Así como un hallazgo científico no es tal hasta que no se le descubre una utilidad práctica, creo tener una enfermedad que antes no existía. Bah, como no tenía nombre, tal vez ni siquiera se tratara de una enfermedad.
Hace unos años, descubrí que soy un poco prosopagnósico. Lo leí en un diario chileno. La prosopagnosia, o “ceguera de caras”, en el riguroso lenguaje científico de los diarios, sería una suerte de daltonismo para los rostros humanos: al sujeto le cuesta retener sus rasgos. No puede recordarlos. O los fija para siempre de una forma, y luego ocurre que un bigote nuevo o una tintura rubia pueden hacer que todo colapse. No es capaz de decir quién se parece a quién. O todo lo contrario: todas las personas se parecen mucho: dos ojos, una boca, una nariz. ¿Más datos alarmantes? Según recientes estudios (no me dijeron cuáles) el 10% de la población civil padecería la enfermedad. Y sería muy hereditaria, lo cual explica que a mi madre le pase lo mismo que a mí; una vez confundió a mi hermana con una pordiosera en la calle. El prosopagnósico no espera encontrarse con su hija en –por ejemplo– la parada del colectivo, y cree que su rostro le pertenece a otra persona; pero sí puede reconocer fácilmente su cara si la encuentra –por ejemplo– en el cuarto de su hija: allí todo se ordena, ojos, nariz y boca son coherentes y la persona conocida reaparece. Sí, claro: el cuarto ayuda. Yo confundí mi propia cara, reflejada en el espejo de un colectivo 501 recorrido 5B, con la de un compañero de sexto grado, Zaya, al que luego busqué en el colectivo aterradoramente vacío. Me costó un Perú entender que la cara que veía era la mía, ¿cómo podría recordar mi propia cara en esa época, a los 10 años? Apenas tengo estrategias ahora para reconocerme en las fotos. Hubo un tiempo en que creía que yo era Pablo Rago. Ahora él cambió mucho, y yo también, y la duda está zanjada. Creo.

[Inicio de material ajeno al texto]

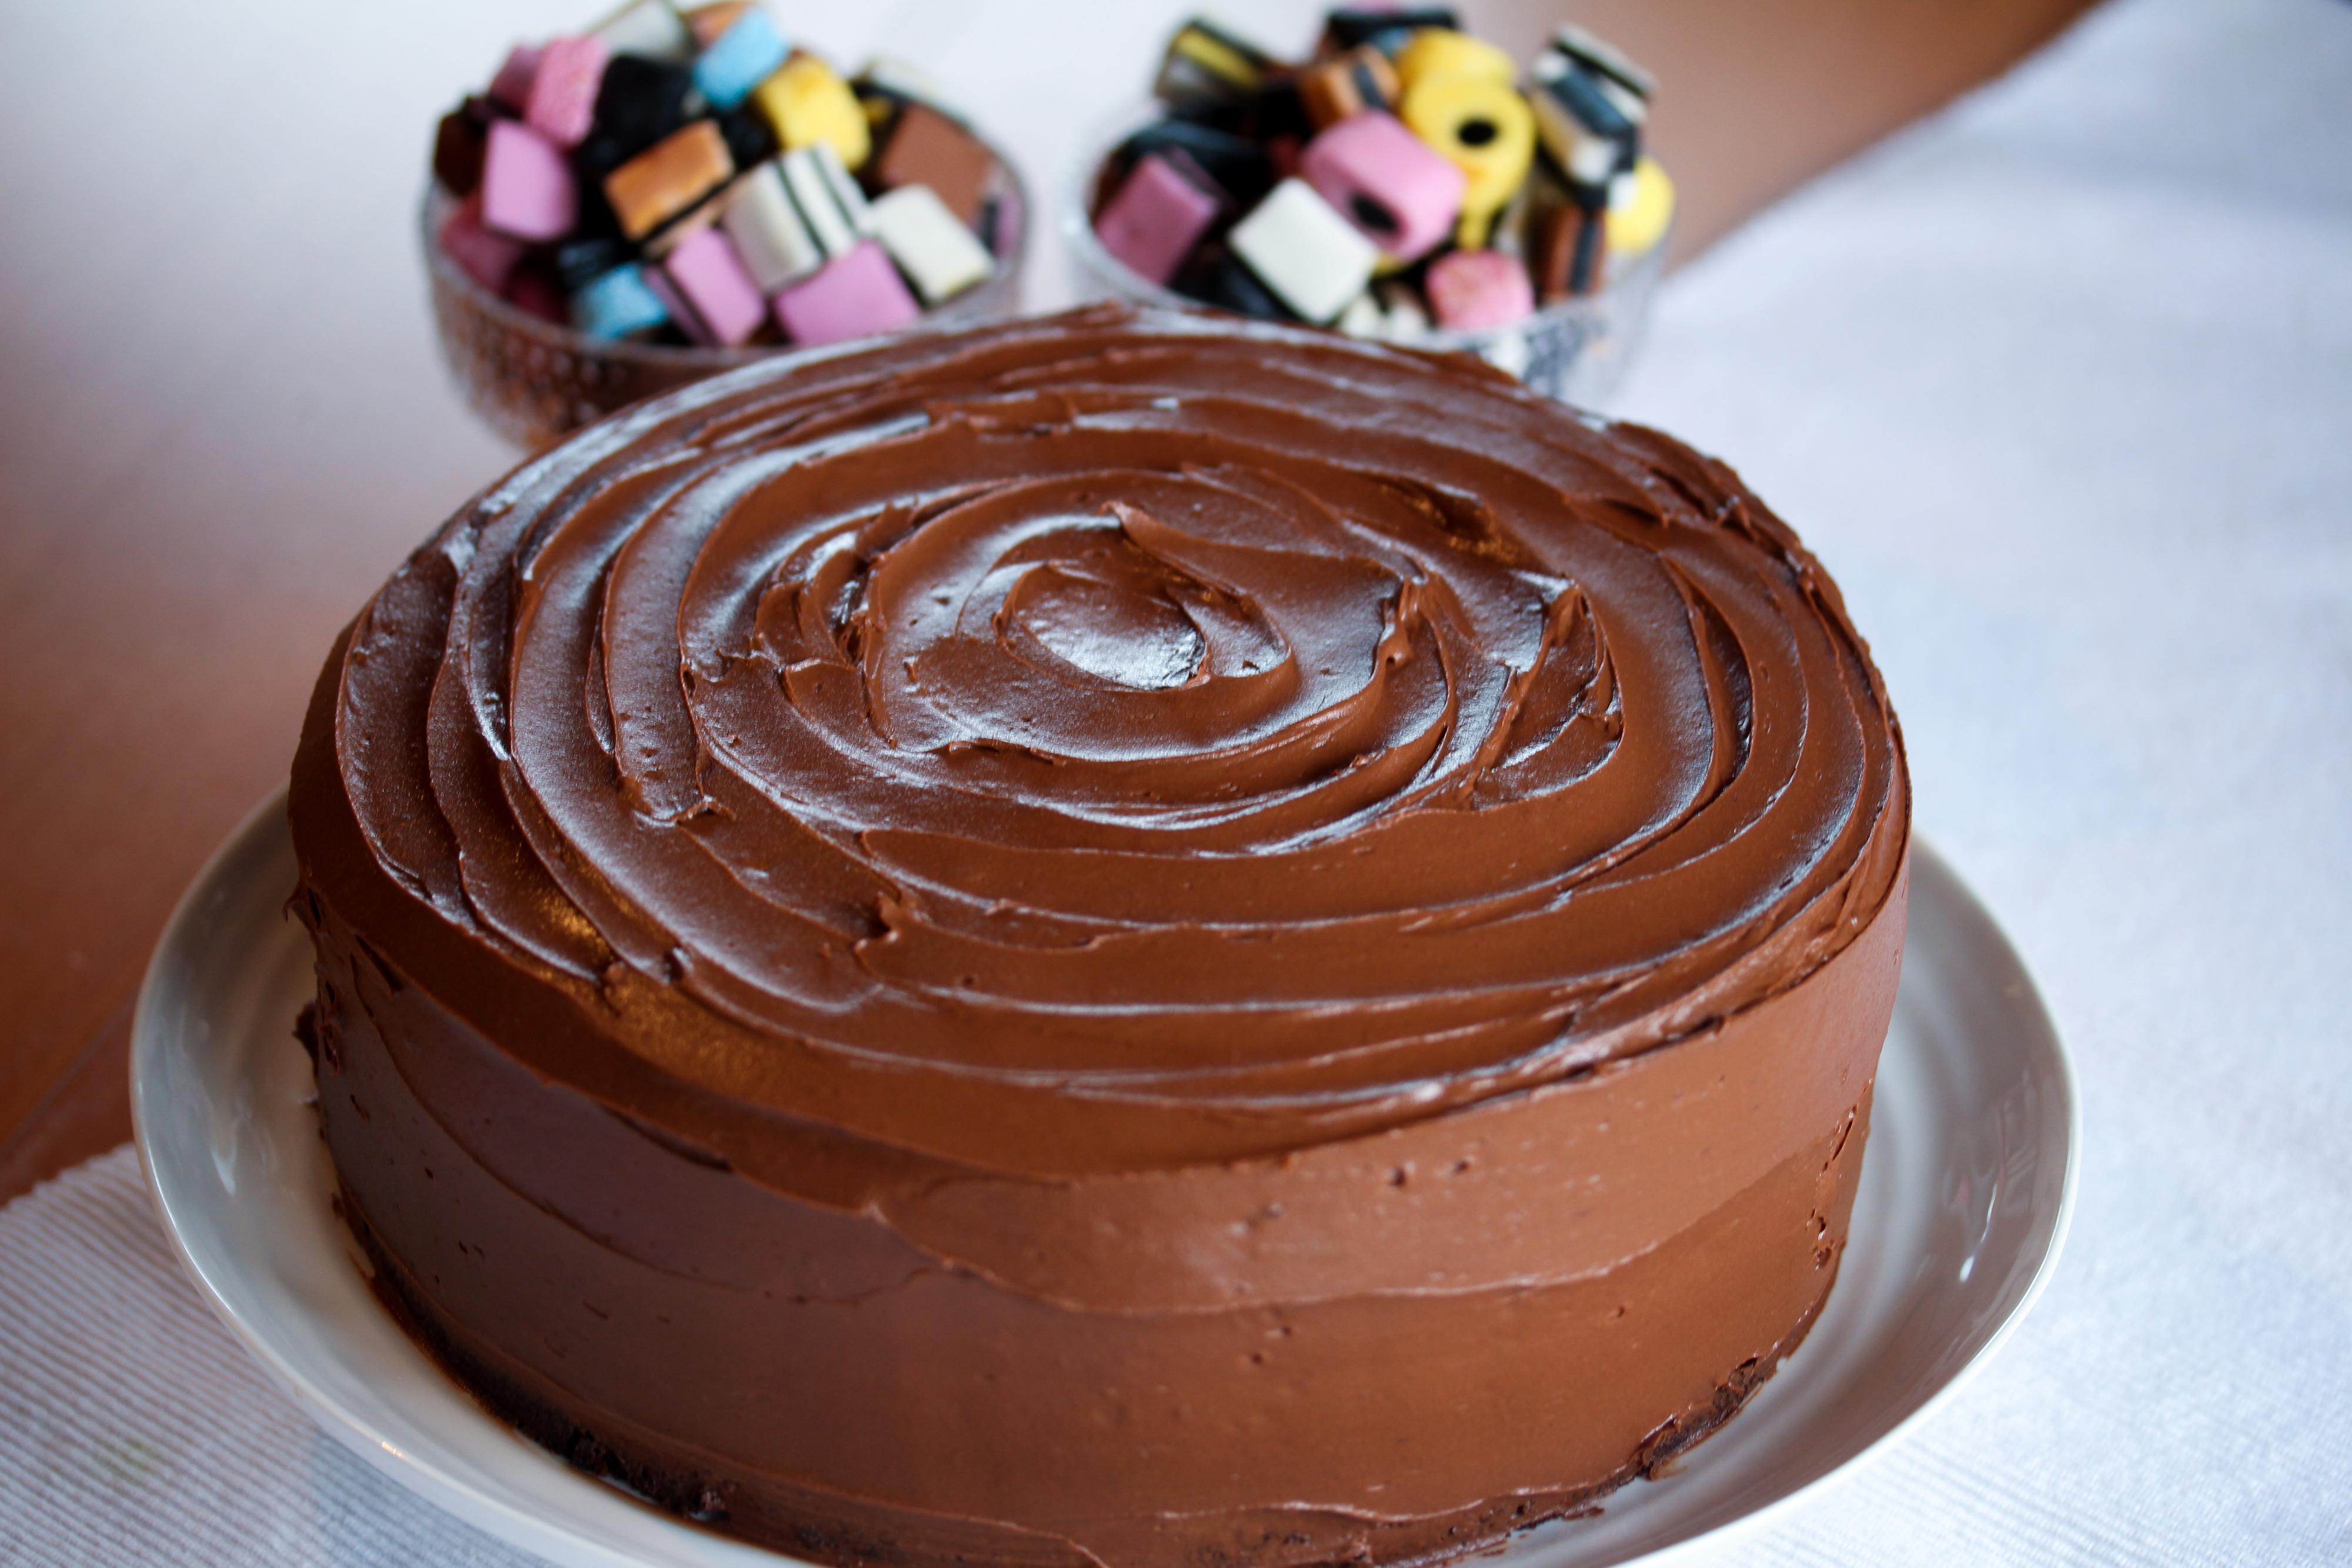 Fordel sjokoladekremen mellom kakebunnene og rundt hele kaken.

Nosotros vemos en general una larga hilera de orientales pero con rasgos occidentales, ¿se entiende? Ojo que seríamos el 10% de la población. Y que nuestros hijos heredarían el desacomodo. ¿No es hora de ocuparse de nosotros? Somos una gran franja de votantes, que –encima– por no poder retener las caras de los afiches, solemos recordar pesadamente otras cosas: voces, ideas, alianzas, lugares donde los hemos visto. Uno de cada diez lectores me entenderá; los otros nueve no han llegado hasta aquí.
En ese diario chileno que me reveló el nombre de mi mal también había un gato que tocaba el piano. Había fotos. Pero no recuerdo bien qué cara tenía.